Segmental pneumonia is a focal pneumonia occupying a segment or several segments according to an X-ray study. It overwhelmingly occurs without previous viral infections, is primary segmental in the result of blockage of the segmental bronchus with infected mucus or the development of edema and inflammation in the interalveolar septa of one segment. In children of early age, atelectasis of the lung and the reduction in the production of surfactant are of particular importance. Atelectasis can occur simultaneously with the onset of pneumonia or join later. Segmental pneumonia is a lesion of the entire segment, so the infidrative shadow in the phase of the height of the disease completely coincides with the anatomical boundaries of the segment. In young children, the pneumonic process is localized in segment II of the right lung, or in IV-VI, in IX-X segments to the right or left.
In most cases, the manifestations of intoxication are expressed: lethargy, refusal to eat, fever to high figures, a sharp tachycardia that does not correspond to the level of temperature, severe pallor of the skin, adynamia, a violation of microcirculation. Cough in the early days is not typical, dyspnea is tachypnea. The shortening of percussion sound in accordance with the affected segment is determined, weakened breathing, strengthening of bronchophony. In the early days, wheezing in the lungs is not heard, local wet wheezing or crepitus appear during the resolution of pneumonia.
On the X-ray diffraction, the always homogeneous and pulmonary pattern within it is indistinguishable. The area of darkening coincides with the anatomical boundaries of the segment. The radiological presence of atelectasis causes a small incision of the segment inside.
From the blood - leukocytosis, neutrophilia with a shift to the left, an increase in ESR. With segmental pneumonia, there is a high tendency to abscess, destruction and prolonged course.
Croupous pneumonia. Pneumonia with the localization of the inflammatory process within the proportion of the lung is more often observed in school-age children and in the preschool age.
The onset of the disease is usually acute. Among the overall health, often after cooling suddenly increases the temperature to 39-40 ° C, there is a severe headache, often chills. The general condition sharply worsens: sharp weakness, confusion of consciousness, delirium, the dream is broken. Then there are complaints about 6oli in the chest (more often in schoolchildren), complaints about pain in the abdomen - in preschool children. In the first day, less often later, a dry cough appears, followed by a cough with the separation of a small amount of mucous viscous sputum containing blood veins. Further, the cough becomes moist, and sometimes sputum can become "rusty".
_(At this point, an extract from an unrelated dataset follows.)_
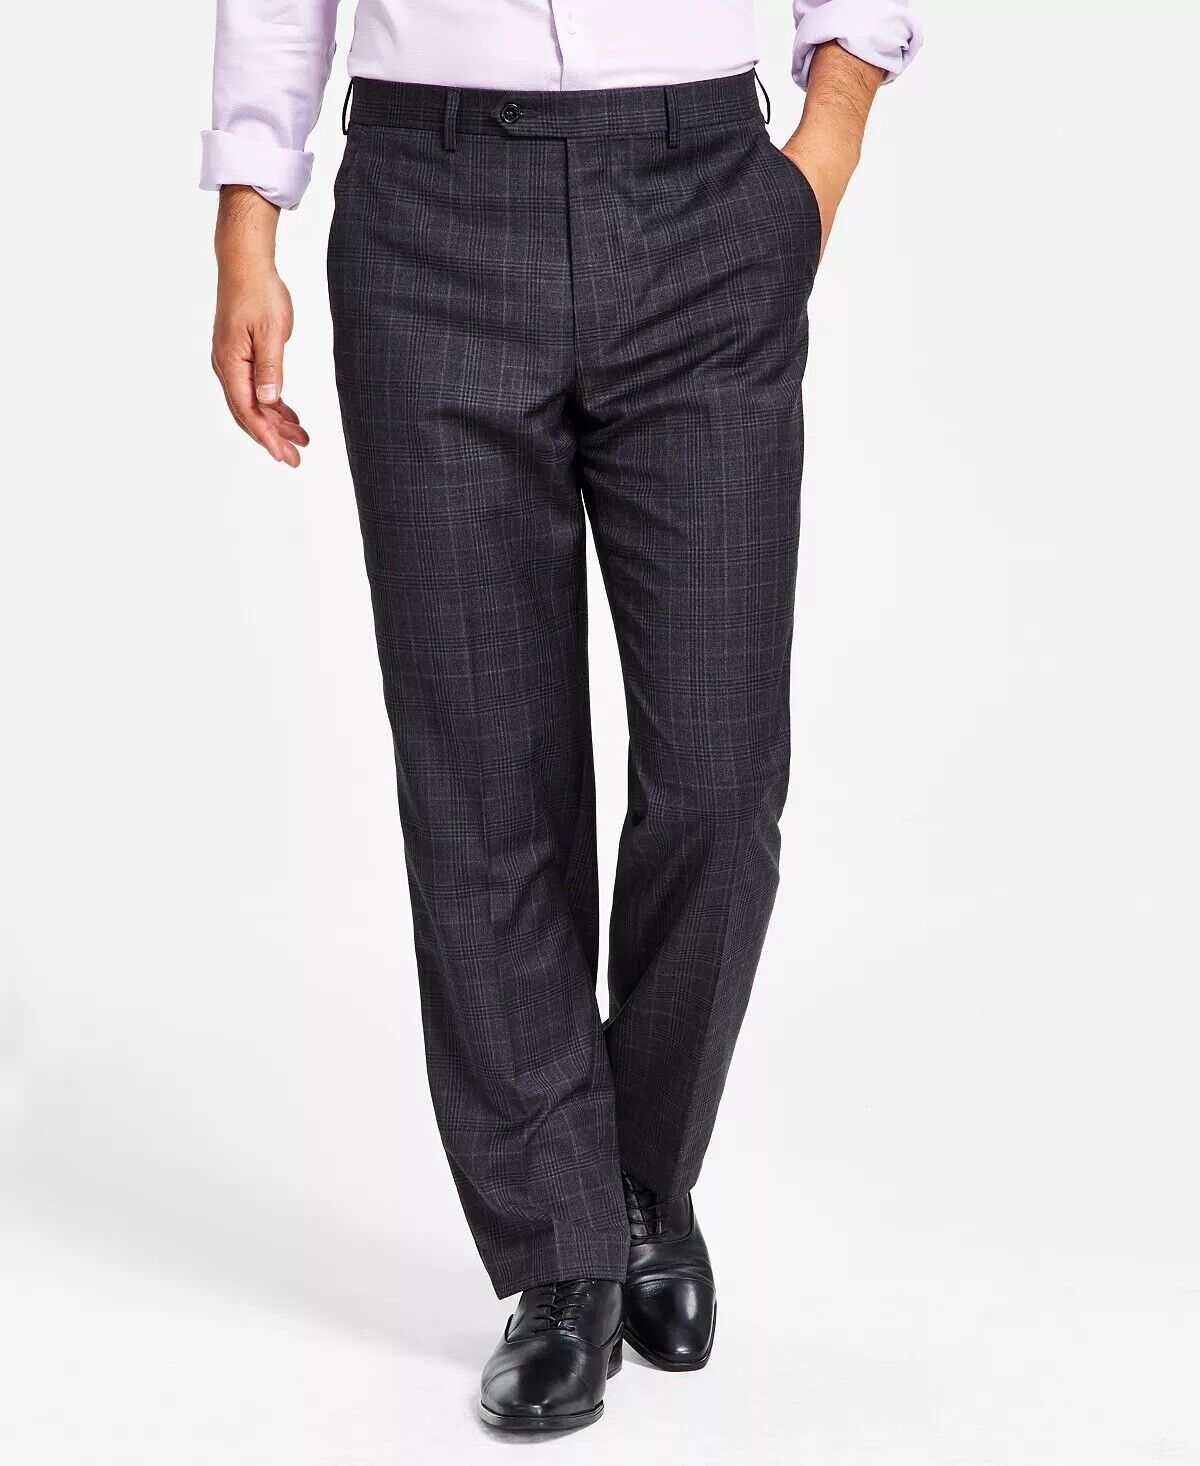 Lauren Ralph Lauren Ultraflex Classic Fit Wool Suit Pants Charcoal Plaid 42 x 30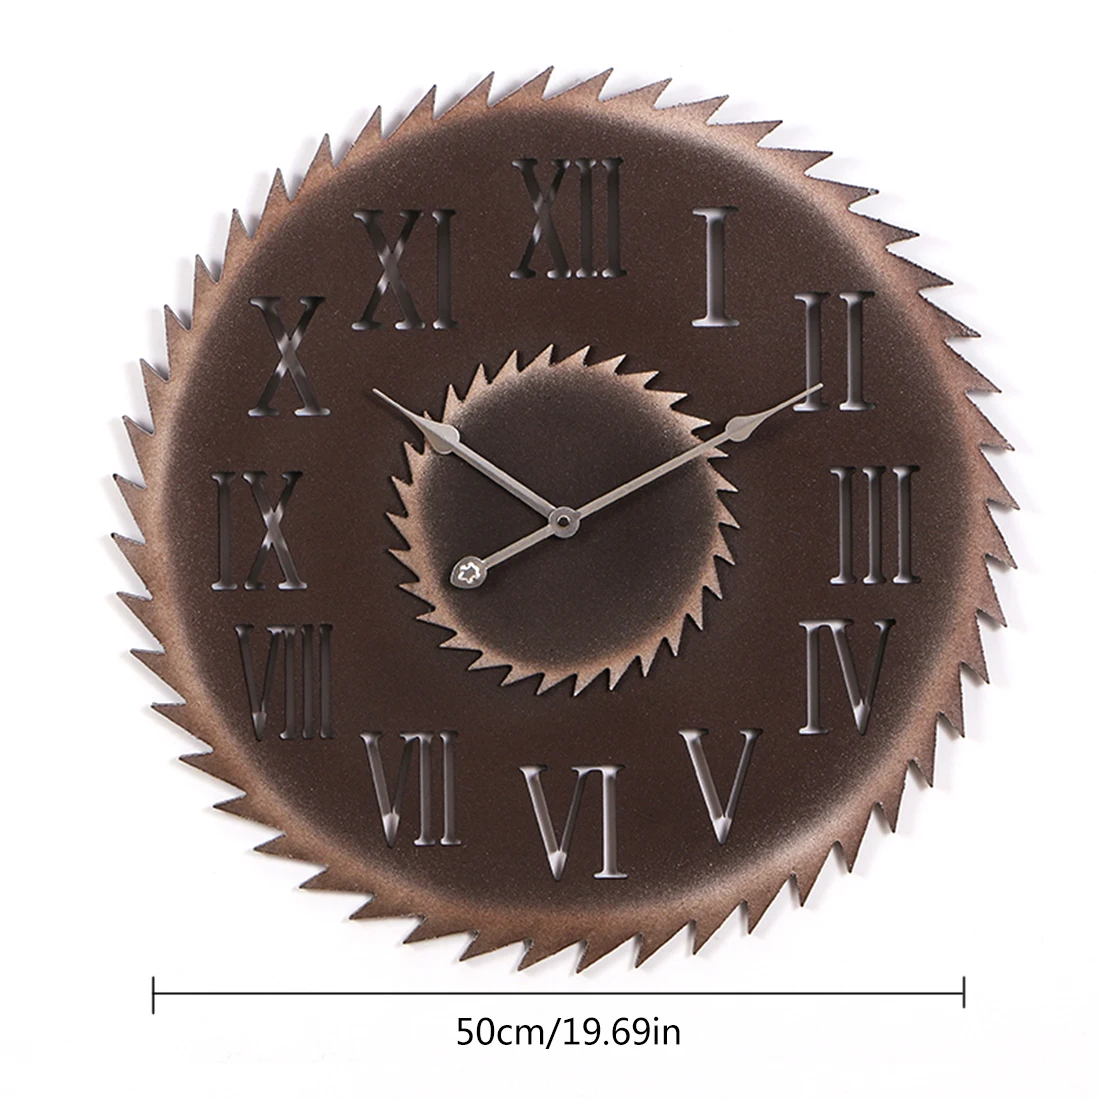 Новые Ретро стиль большие настенные часы в винтажном стиле имитация металла пильный диск арабские цифры немой вешалки часы домашний офис Кафе Декор

The examination is characterized by pallor of the skin with a blush on the cheeks, often more pronounced on the side of inflammation in the lungs; eyes shining, lips dry. There is shortness of breath with the participation of auxiliary muscles in the act of breathing (the wings of the nose, pulling the hole above the breastbone), with deep inspiration, pain in the side appears on the side of the lungs lesion.
After 2-3 days, shortening of the percussion tone and unstable gentle crepitations over the lesion focus, as well as weakening of the voice jitter, increased bronchophonia and swelling of the skin can be noted. On the part of the cardiovascular system, muffling of cardiac tones, gentle systolic noise, changes in the ECG - a decrease in voltage, an increase in the heights of P and T, the shift of the ST interval.
In the blood there is a significant leukocytosis, neutrophilia with a pronounced shift to the left, an increase in ESR.
When X-ray examination in croupous pneumonia, the homogeneous darkening focus occupies a whole fraction. In children, croupous pneumonia is usually localized in the right lung, in the lower or upper lobe.
Forecast. With early treatment, the prognosis for croupous pneumonia in children is favorable.